### YOUR TASK
The needed output is the run of lines below from the one containing "Rome, Italie - 6" through the one containing "Den nøgne, rene", copied exactly and free of pictures.

### SUPPLIED MATERIAL
--- START ---

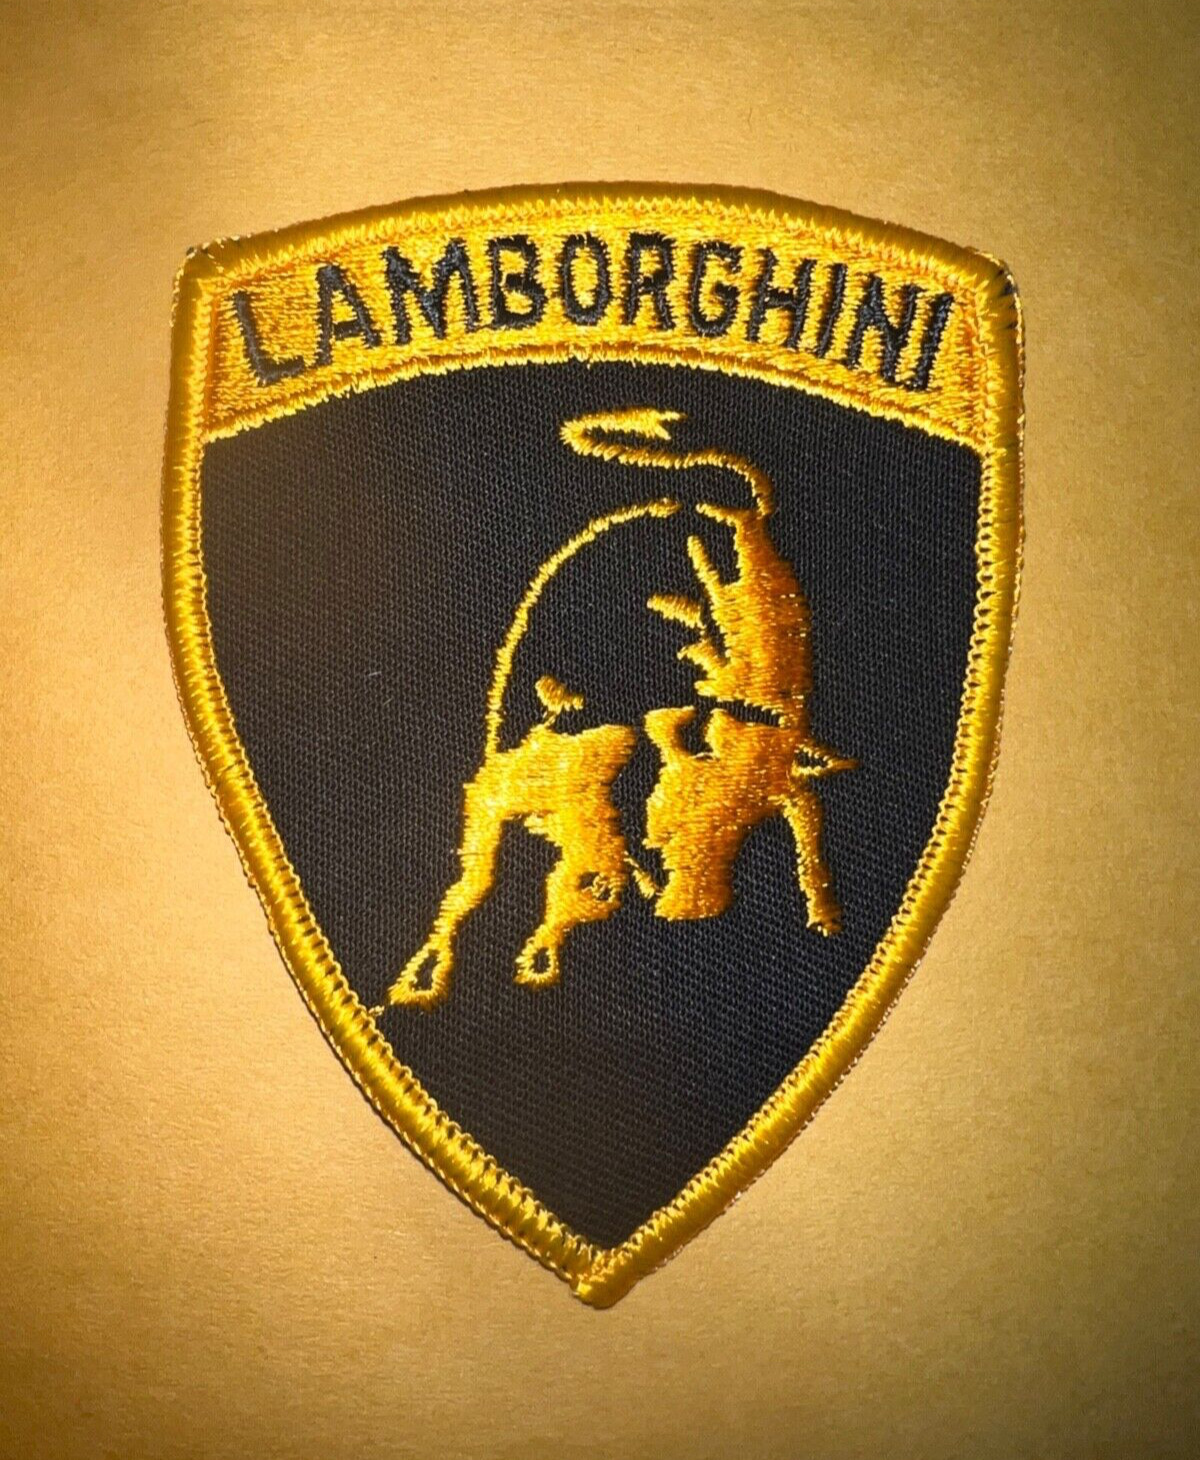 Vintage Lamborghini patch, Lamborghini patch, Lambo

--- END ---
--- START ---

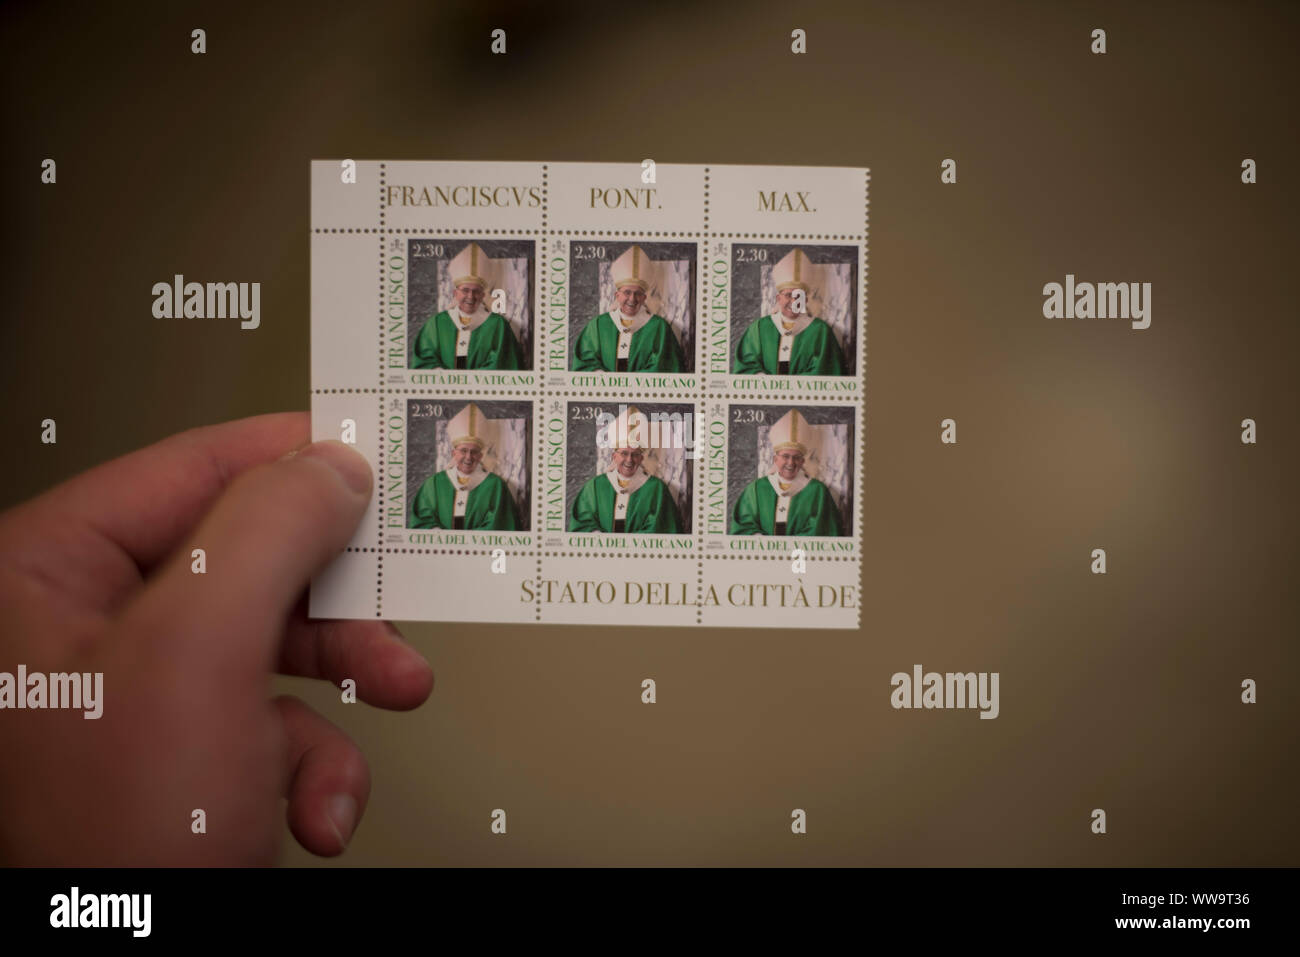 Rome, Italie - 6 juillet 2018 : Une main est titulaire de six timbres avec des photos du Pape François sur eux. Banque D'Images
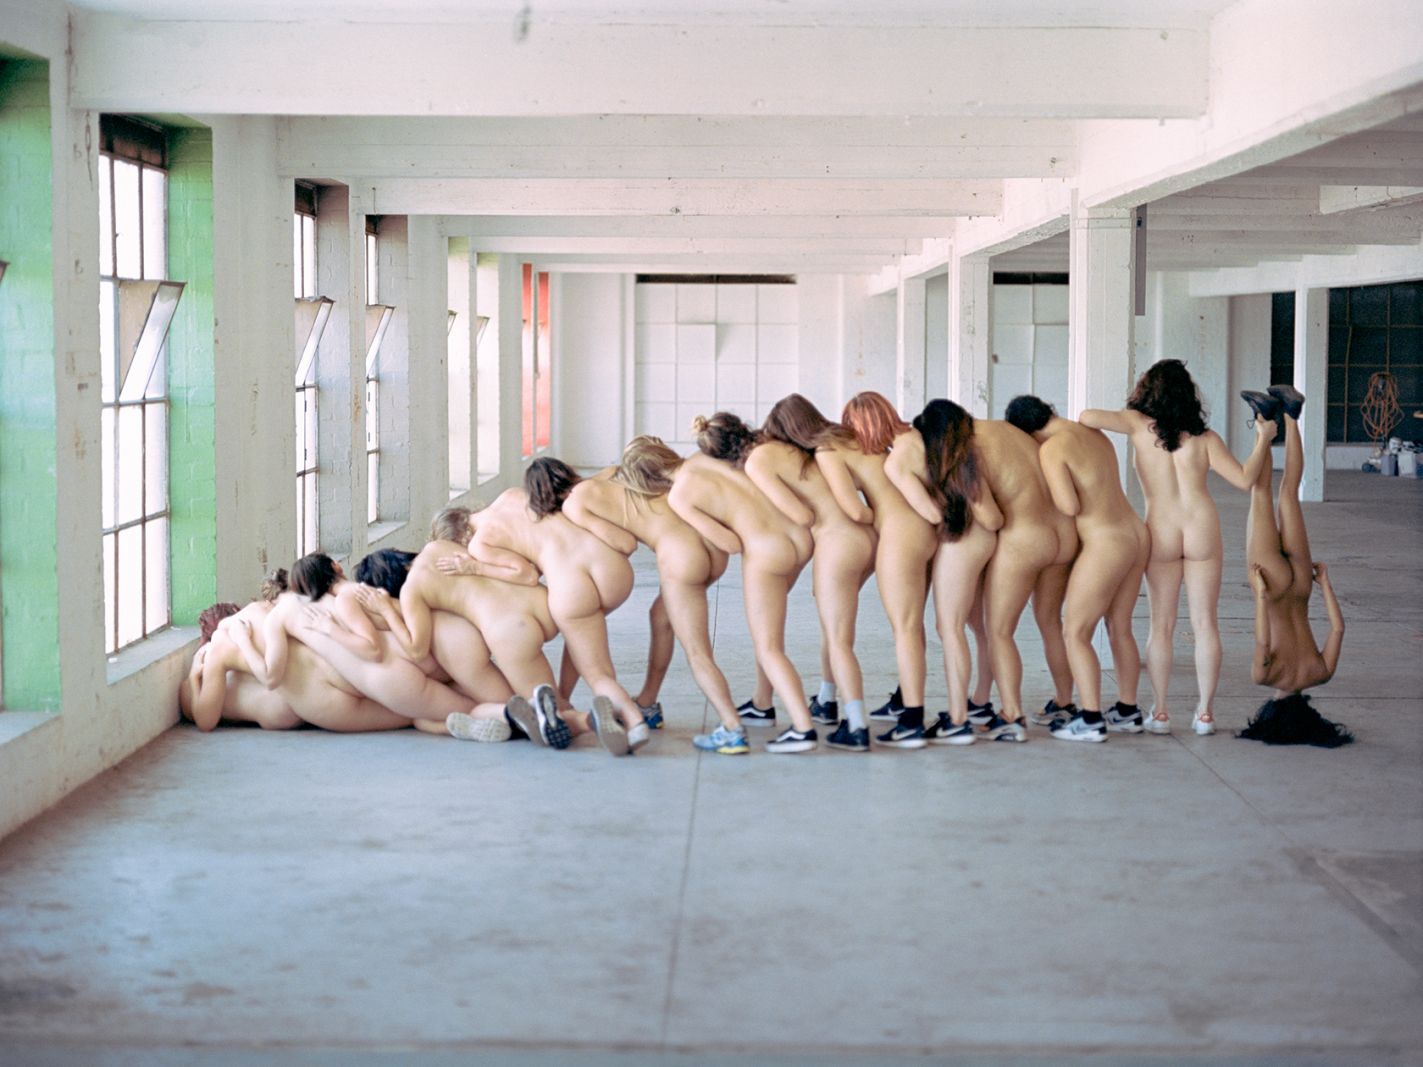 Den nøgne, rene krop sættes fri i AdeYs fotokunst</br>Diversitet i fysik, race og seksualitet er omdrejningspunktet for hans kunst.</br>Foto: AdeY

--- END ---

### TASK SOLUTION
 Rome, Italie - 6 juillet 2018 : Une main est titulaire de six timbres avec des photos du Pape François sur eux. Banque D'Images
 Den nøgne, rene krop sættes fri i AdeYs fotokunst</br>Diversitet i fysik, race og seksualitet er omdrejningspunktet for hans kunst.</br>Foto: AdeY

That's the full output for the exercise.